(Excerpts from a dataset)

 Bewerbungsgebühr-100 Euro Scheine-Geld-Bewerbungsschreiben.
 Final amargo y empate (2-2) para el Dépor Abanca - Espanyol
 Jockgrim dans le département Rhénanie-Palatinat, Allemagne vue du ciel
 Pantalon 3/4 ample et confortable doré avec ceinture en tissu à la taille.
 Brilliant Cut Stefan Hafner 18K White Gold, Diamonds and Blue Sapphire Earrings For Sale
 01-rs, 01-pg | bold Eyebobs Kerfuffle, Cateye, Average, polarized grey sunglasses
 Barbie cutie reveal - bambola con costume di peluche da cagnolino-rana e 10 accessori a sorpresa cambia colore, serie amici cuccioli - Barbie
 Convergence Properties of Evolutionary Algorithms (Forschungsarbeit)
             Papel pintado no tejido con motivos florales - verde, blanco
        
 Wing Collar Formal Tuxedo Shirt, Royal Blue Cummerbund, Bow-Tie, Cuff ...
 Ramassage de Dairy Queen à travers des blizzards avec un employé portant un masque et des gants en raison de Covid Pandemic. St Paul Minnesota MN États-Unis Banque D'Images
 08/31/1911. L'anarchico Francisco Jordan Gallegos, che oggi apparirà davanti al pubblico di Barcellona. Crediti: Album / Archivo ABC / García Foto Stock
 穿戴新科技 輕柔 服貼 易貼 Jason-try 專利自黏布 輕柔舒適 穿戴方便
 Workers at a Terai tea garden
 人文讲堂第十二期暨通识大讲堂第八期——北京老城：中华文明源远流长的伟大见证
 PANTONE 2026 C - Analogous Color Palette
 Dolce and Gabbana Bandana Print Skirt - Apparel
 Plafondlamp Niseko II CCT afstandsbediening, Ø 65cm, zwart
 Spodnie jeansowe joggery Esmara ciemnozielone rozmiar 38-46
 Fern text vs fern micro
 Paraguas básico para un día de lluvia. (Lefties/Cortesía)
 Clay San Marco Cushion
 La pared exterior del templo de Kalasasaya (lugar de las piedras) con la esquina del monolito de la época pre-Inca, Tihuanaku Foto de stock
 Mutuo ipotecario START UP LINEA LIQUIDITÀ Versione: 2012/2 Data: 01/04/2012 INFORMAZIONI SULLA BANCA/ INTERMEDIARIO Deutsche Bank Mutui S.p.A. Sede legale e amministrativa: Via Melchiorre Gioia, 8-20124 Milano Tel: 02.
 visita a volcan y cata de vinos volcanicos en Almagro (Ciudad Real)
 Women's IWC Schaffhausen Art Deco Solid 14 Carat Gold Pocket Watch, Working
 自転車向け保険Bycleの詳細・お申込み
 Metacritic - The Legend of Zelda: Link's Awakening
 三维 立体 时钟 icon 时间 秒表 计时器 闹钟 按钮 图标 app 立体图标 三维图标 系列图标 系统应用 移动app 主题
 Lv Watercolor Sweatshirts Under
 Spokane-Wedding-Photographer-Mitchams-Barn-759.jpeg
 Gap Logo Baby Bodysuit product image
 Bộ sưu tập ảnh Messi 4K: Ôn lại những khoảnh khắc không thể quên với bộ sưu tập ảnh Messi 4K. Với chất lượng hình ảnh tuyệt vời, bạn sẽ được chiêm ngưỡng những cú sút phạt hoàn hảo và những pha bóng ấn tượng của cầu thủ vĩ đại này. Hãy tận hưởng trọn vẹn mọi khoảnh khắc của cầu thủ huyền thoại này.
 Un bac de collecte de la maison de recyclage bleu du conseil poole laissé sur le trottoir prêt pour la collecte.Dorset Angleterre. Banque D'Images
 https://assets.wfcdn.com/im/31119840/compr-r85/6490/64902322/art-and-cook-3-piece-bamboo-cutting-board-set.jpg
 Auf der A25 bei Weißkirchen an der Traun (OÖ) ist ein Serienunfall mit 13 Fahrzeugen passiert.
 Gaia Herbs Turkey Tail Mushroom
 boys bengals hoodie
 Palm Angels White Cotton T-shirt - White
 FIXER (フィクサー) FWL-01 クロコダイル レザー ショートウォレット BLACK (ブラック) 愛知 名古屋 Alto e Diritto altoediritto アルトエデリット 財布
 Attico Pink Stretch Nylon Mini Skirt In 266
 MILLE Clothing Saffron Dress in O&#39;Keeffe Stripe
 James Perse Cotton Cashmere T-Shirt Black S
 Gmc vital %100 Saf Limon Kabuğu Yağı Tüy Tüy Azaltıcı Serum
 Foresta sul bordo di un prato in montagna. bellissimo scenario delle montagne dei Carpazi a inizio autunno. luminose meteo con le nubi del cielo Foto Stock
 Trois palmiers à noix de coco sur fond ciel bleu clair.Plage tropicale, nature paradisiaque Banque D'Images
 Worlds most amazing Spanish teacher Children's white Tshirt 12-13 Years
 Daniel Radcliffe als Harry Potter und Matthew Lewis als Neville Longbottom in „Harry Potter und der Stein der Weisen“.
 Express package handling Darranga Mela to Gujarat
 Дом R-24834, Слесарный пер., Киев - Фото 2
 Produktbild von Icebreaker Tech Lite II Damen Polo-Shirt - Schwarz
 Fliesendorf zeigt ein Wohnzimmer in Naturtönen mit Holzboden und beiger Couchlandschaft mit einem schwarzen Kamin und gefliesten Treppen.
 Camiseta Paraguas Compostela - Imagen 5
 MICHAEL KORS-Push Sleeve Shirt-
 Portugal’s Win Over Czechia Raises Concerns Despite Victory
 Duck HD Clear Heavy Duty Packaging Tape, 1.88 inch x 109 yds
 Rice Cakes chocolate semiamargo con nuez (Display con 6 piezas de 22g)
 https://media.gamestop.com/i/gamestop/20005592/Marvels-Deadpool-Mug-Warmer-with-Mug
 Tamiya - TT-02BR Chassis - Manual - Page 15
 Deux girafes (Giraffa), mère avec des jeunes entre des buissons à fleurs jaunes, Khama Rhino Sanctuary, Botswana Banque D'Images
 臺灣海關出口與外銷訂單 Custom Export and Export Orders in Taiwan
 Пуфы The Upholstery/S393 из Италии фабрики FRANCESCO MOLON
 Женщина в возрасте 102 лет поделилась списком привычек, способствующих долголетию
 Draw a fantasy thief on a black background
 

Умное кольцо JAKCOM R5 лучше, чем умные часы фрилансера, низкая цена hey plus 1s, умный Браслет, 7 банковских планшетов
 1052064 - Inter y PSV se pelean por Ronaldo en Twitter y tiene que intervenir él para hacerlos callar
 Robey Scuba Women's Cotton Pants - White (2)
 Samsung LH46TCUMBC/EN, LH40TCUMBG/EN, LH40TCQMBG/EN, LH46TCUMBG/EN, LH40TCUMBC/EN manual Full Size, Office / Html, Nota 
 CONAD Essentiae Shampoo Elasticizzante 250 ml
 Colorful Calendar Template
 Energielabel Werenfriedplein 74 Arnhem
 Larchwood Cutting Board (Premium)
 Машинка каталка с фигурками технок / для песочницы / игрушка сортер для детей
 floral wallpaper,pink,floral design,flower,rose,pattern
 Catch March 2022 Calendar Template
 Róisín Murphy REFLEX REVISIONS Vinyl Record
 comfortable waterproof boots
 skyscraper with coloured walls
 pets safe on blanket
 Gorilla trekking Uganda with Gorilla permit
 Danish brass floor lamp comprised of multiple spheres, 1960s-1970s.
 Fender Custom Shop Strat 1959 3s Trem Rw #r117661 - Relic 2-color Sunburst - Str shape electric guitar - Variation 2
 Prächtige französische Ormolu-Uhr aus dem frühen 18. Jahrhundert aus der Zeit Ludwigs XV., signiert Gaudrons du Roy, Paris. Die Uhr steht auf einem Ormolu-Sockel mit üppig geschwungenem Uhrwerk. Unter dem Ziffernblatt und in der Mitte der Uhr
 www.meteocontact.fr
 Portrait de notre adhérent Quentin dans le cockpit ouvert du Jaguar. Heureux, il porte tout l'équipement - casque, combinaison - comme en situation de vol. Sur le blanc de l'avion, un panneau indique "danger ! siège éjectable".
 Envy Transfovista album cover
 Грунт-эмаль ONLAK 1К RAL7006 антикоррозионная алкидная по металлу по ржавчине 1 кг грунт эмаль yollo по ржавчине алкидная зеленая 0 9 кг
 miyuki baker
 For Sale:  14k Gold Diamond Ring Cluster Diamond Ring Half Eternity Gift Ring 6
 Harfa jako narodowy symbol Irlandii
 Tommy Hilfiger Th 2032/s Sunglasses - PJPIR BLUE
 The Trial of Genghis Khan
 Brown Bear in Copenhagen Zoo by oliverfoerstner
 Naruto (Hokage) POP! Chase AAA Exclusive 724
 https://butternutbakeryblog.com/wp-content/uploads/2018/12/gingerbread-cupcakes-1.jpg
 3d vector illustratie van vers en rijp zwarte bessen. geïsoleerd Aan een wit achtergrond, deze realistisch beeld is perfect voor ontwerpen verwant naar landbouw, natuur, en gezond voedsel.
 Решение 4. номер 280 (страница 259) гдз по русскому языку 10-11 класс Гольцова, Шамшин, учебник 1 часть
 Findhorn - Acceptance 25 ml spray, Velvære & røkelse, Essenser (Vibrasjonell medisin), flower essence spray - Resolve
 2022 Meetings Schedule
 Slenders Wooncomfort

> _THE PROBLEM_
Reproduce only the lines above spanning from the line containing "Дом R-24834, Слесарный пер., Киев - Фото 2" through the line containing "Rice Cakes chocolate", word for word.

> _REPLY_
 Дом R-24834, Слесарный пер., Киев - Фото 2
 Produktbild von Icebreaker Tech Lite II Damen Polo-Shirt - Schwarz
 Fliesendorf zeigt ein Wohnzimmer in Naturtönen mit Holzboden und beiger Couchlandschaft mit einem schwarzen Kamin und gefliesten Treppen.
 Camiseta Paraguas Compostela - Imagen 5
 MICHAEL KORS-Push Sleeve Shirt-
 Portugal’s Win Over Czechia Raises Concerns Despite Victory
 Duck HD Clear Heavy Duty Packaging Tape, 1.88 inch x 109 yds
 Rice Cakes chocolate semiamargo con nuez (Display con 6 piezas de 22g)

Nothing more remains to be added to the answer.